What you need to do:
Would you restate each line of the data below word for word, without its pictures?

Source data:
[Start of section]
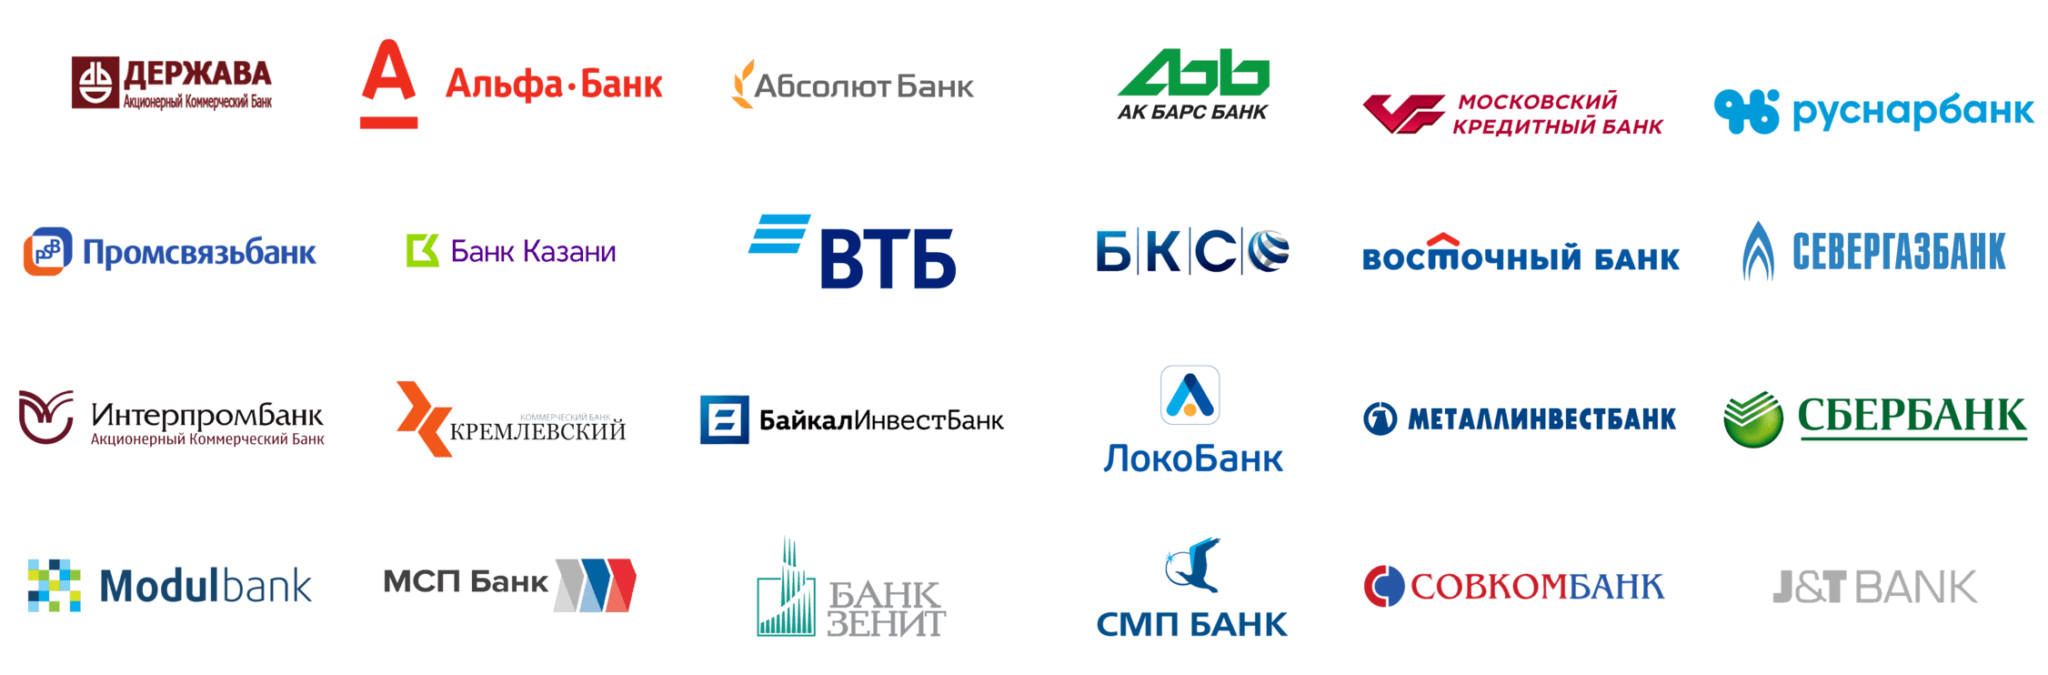 Альфа банк партнеры банка без комиссии пополнение. Банки партнеры. Логотипы банков. Партнёры ВТБ банка. Банки партнеры список.
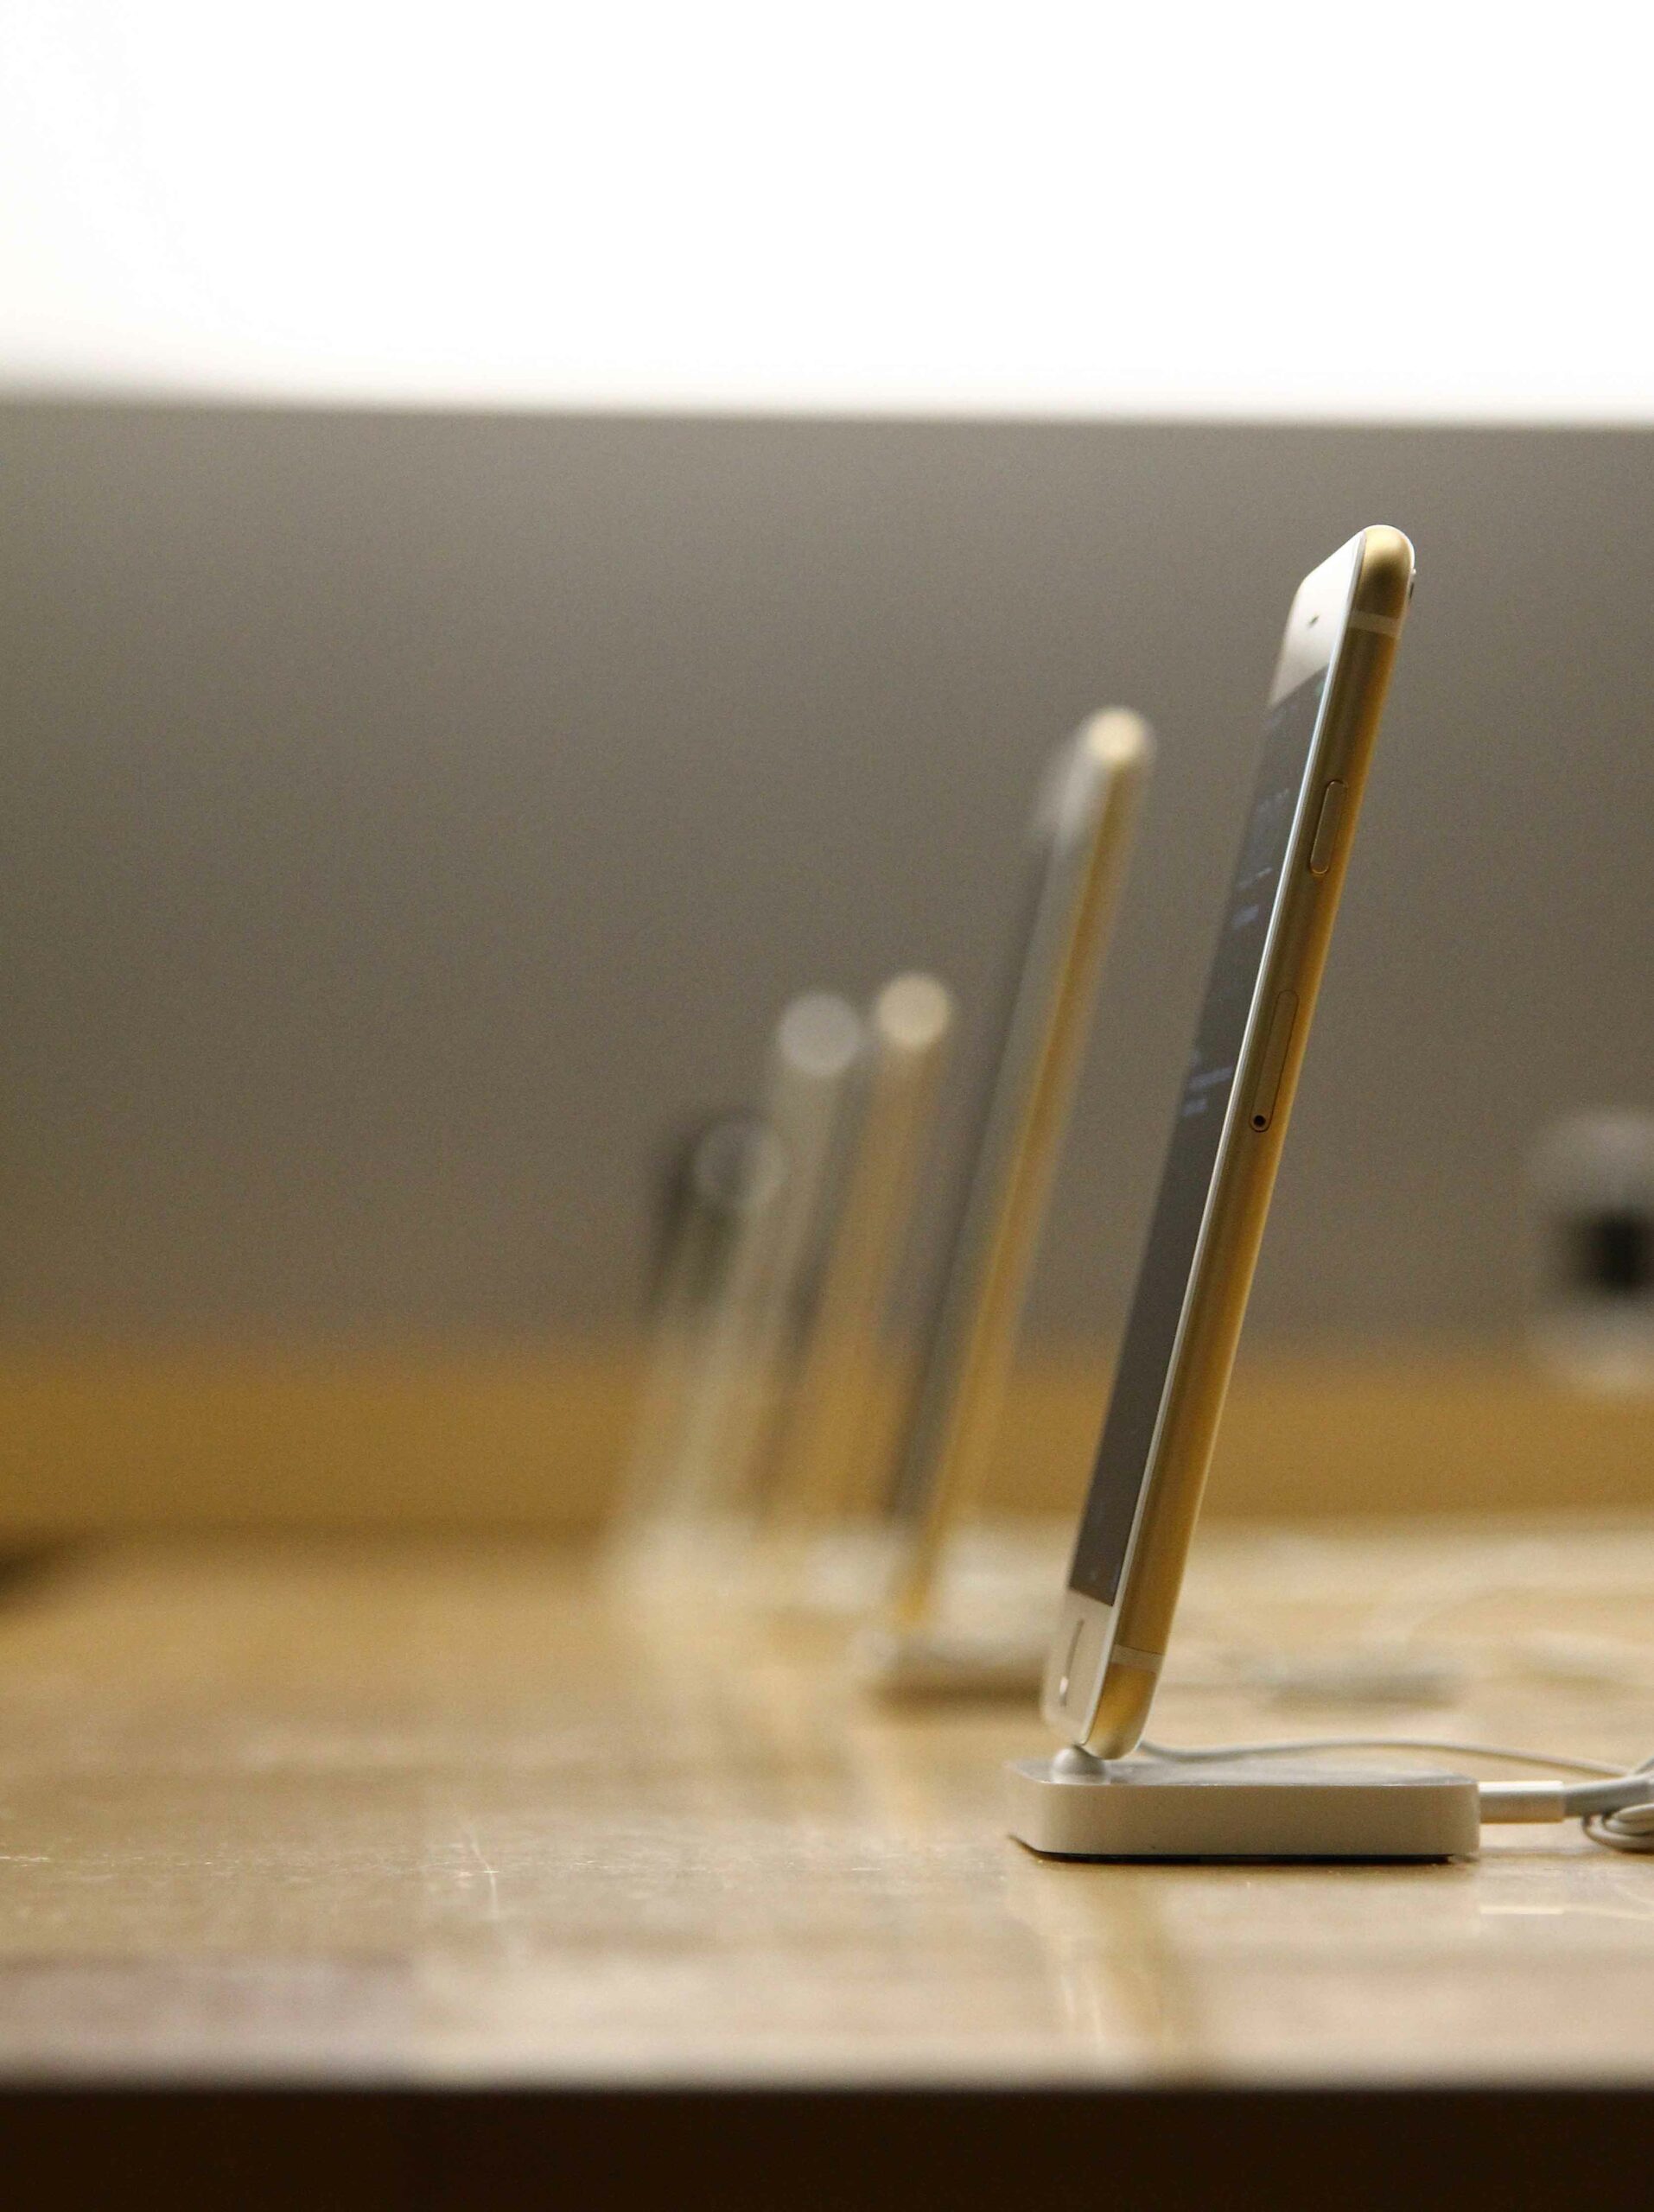 Mobiliario con Iphones para una tienda Apple
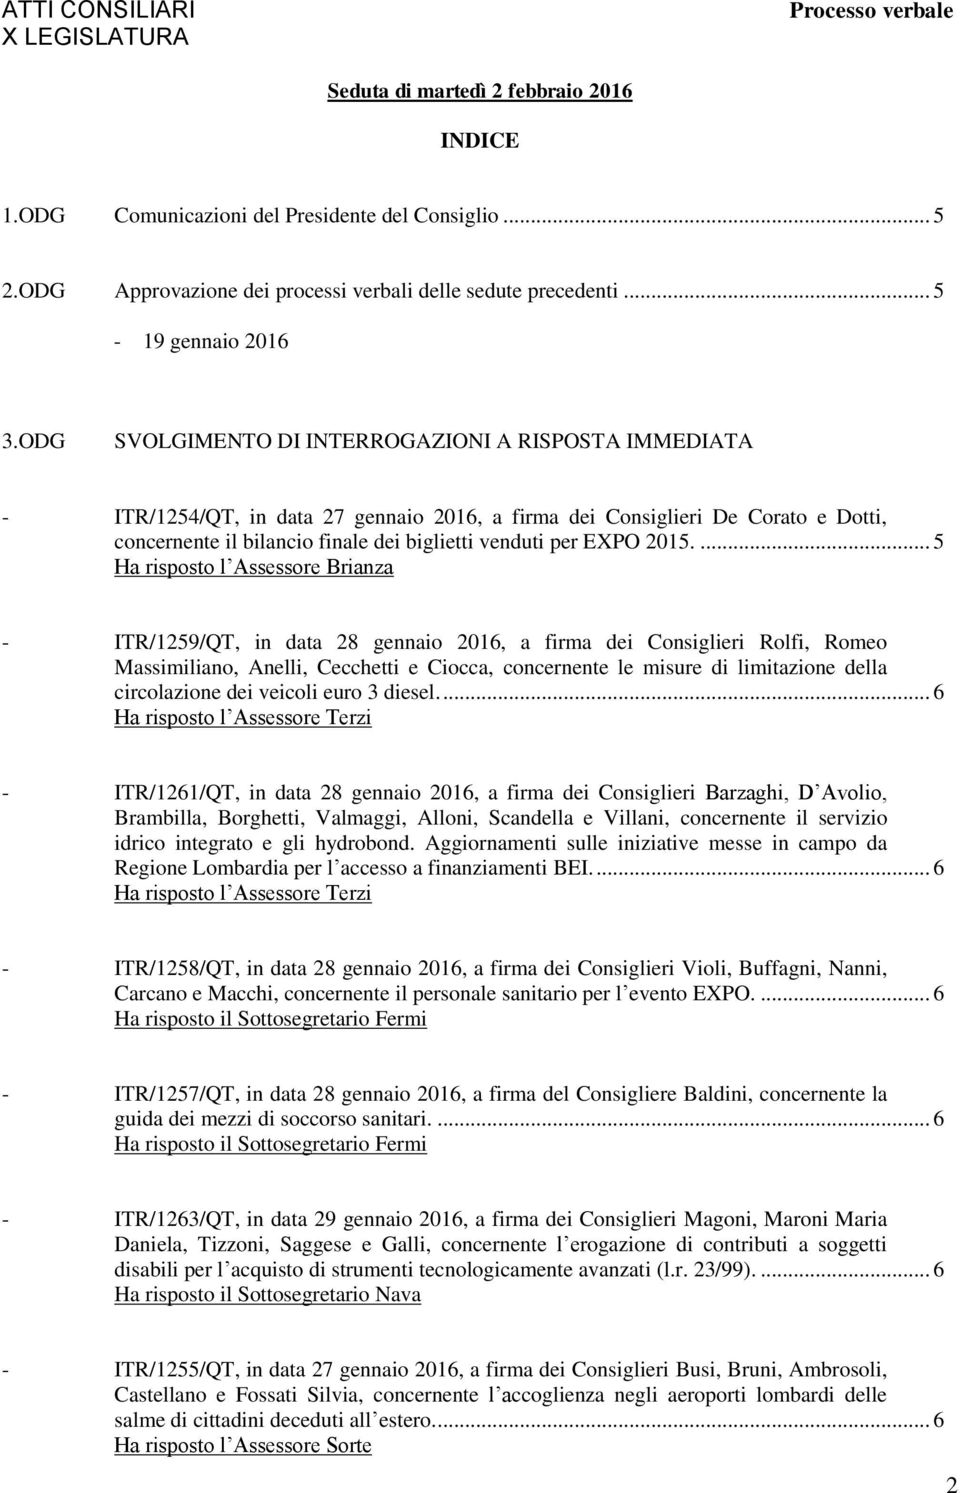 ODG SVOLGIMENTO DI INTERROGAZIONI A RISPOSTA IMMEDIATA - ITR/1254/QT, in data 27 gennaio 2016, a firma dei Consiglieri De Corato e Dotti, concernente il bilancio finale dei biglietti venduti per EXPO
[End of section]
Exercise solution:
 Альфа банк партнеры банка без комиссии пополнение. Банки партнеры. Логотипы банков. Партнёры ВТБ банка. Банки партнеры список.
 Mobiliario con Iphones para una tienda Apple
 ODG SVOLGIMENTO DI INTERROGAZIONI A RISPOSTA IMMEDIATA - ITR/1254/QT, in data 27 gennaio 2016, a firma dei Consiglieri De Corato e Dotti, concernente il bilancio finale dei biglietti venduti per EXPO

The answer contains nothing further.